Metadata-Version: 2.4
Name: nextraci
Version: 0.0.0
Summary: Who's allowed to do what, and who's accountable, on a team of humans and AI agents: a machine-checkable RACI charter + linter.
Author: nextRACI contributors
License: MIT
Project-URL: Homepage, https://github.com/jing-ny/nextraci
Keywords: ai-agents,raci,governance,rbac,accountability,charter
Requires-Python: >=3.11
Description-Content-Type: text/markdown
License-File: LICENSE
Requires-Dist: pydantic>=2.6
Requires-Dist: typer>=0.12
Requires-Dist: pyyaml>=6.0
Provides-Extra: dev
Requires-Dist: pytest>=8.0; extra == "dev"
Dynamic: license-file

# nextRACI — who's allowed to do what, and who's accountable, on a team of humans and AI agents

> When an AI agent does something on your team — ships code, sends a message,
> spends money — and no human pressed the button, **who is accountable?**
> nextRACI is one plain-language file that answers that up front, for every kind
> of action: who may do it, who signs off, and who owns the outcome.

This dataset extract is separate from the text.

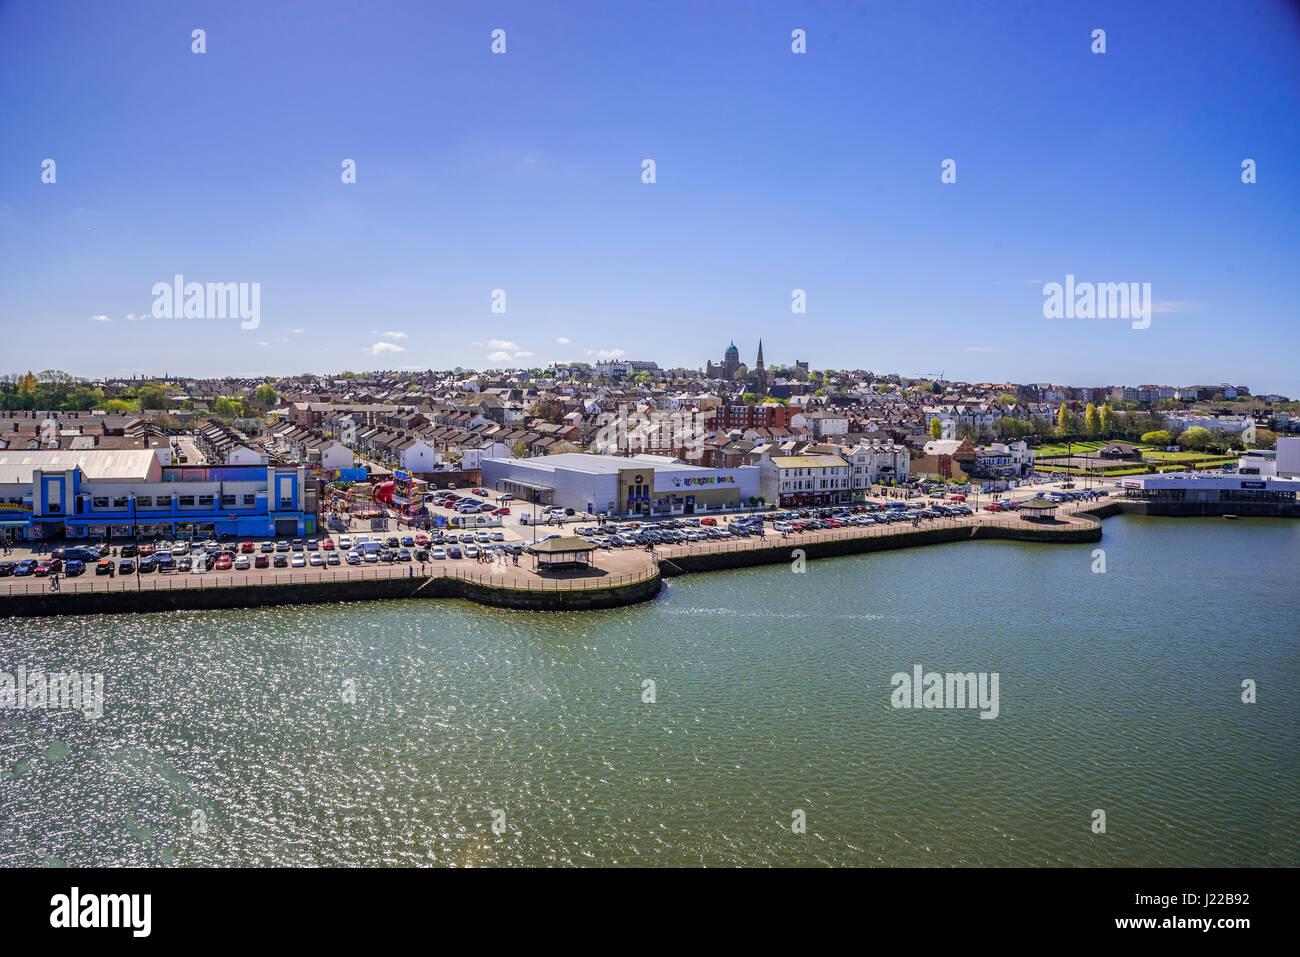 New Brighton marine lake and waterfront. - Stock Image

For decades, teams have used **RACI** — a simple chart of who is *Responsible,
Accountable, Consulted, and Informed* for each kind of work. RACI quietly assumes
a person starts every task. AI agents break that assumption: they can act on
their own, but someone human must still answer for what they do.

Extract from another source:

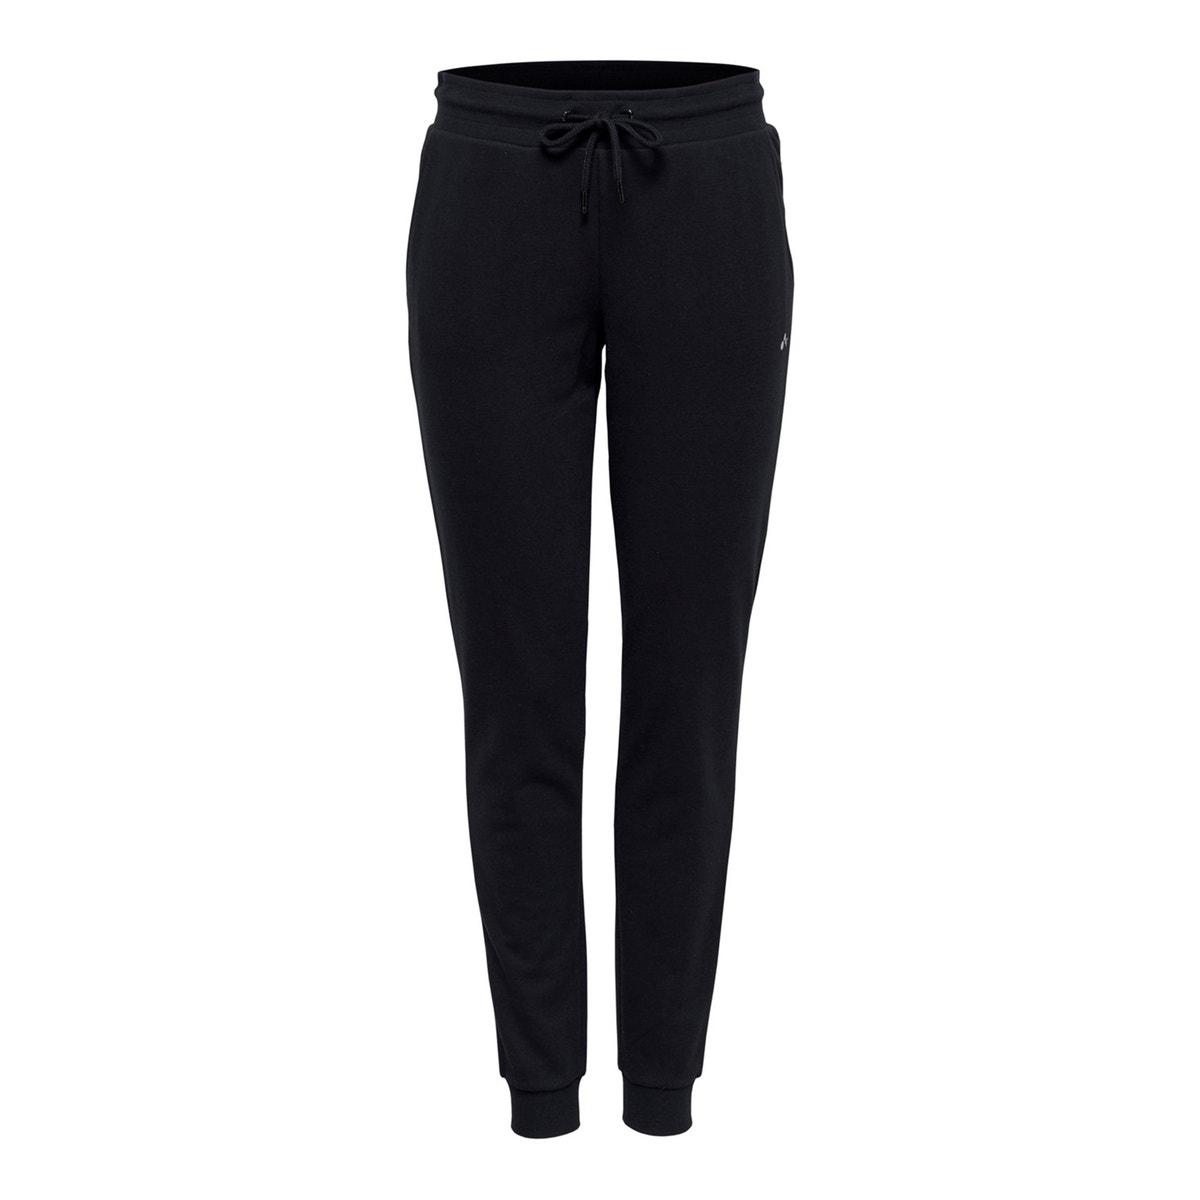 Παντελόνι φόρμας, Elina γυναικα   παντελόνια   φόρμες

**nextRACI brings RACI into the age of AI agents.** You write one file — a
*charter* — that lists, for each type of action on your team:

- who **does** it (Responsible),
- who is **accountable** (exactly one person or role),
- who must be **consulted** or kept **informed**,
- who has to **approve** it first, and
- what happens if the one who should act is **unavailable**.

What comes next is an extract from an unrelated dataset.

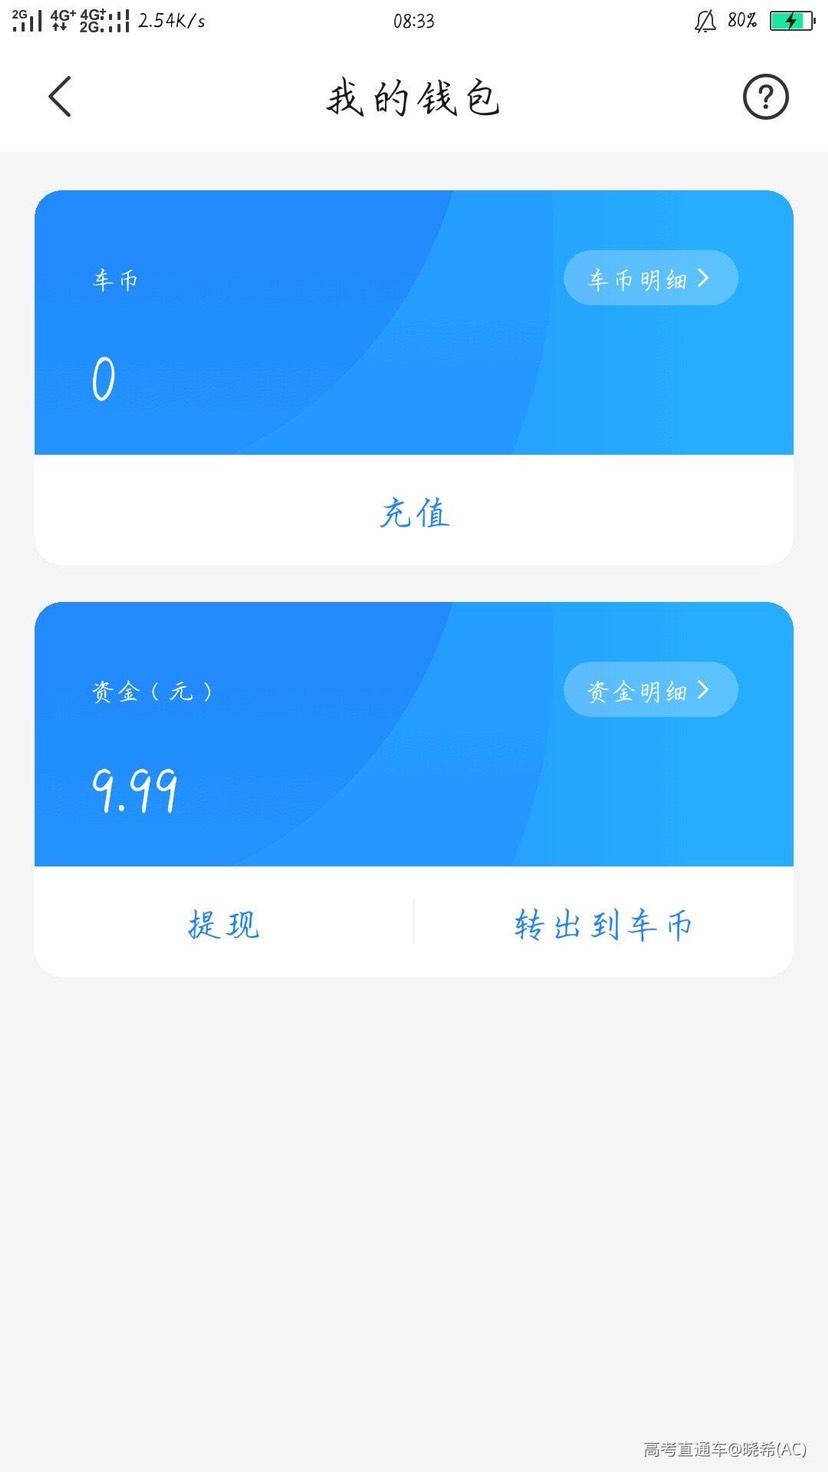 大水【微信红包】6.78元插图6

A built-in checker reads the charter and flags the gaps before they bite: an
action with no one accountable, two people who both think they're in charge, or
an approval step that could quietly stall forever.

```bash
pip install nextraci
nextraci validate examples/sprout/charter.yaml
```

## What nextRACI is (and isn't) yet

**Today, nextRACI helps you write the charter and checks that it holds together.**
You get:

- a clear format for the charter file,
- an automatic checker that catches gaps, conflicts, and approval steps that could
  deadlock,
- a worked example and a blank template to start from.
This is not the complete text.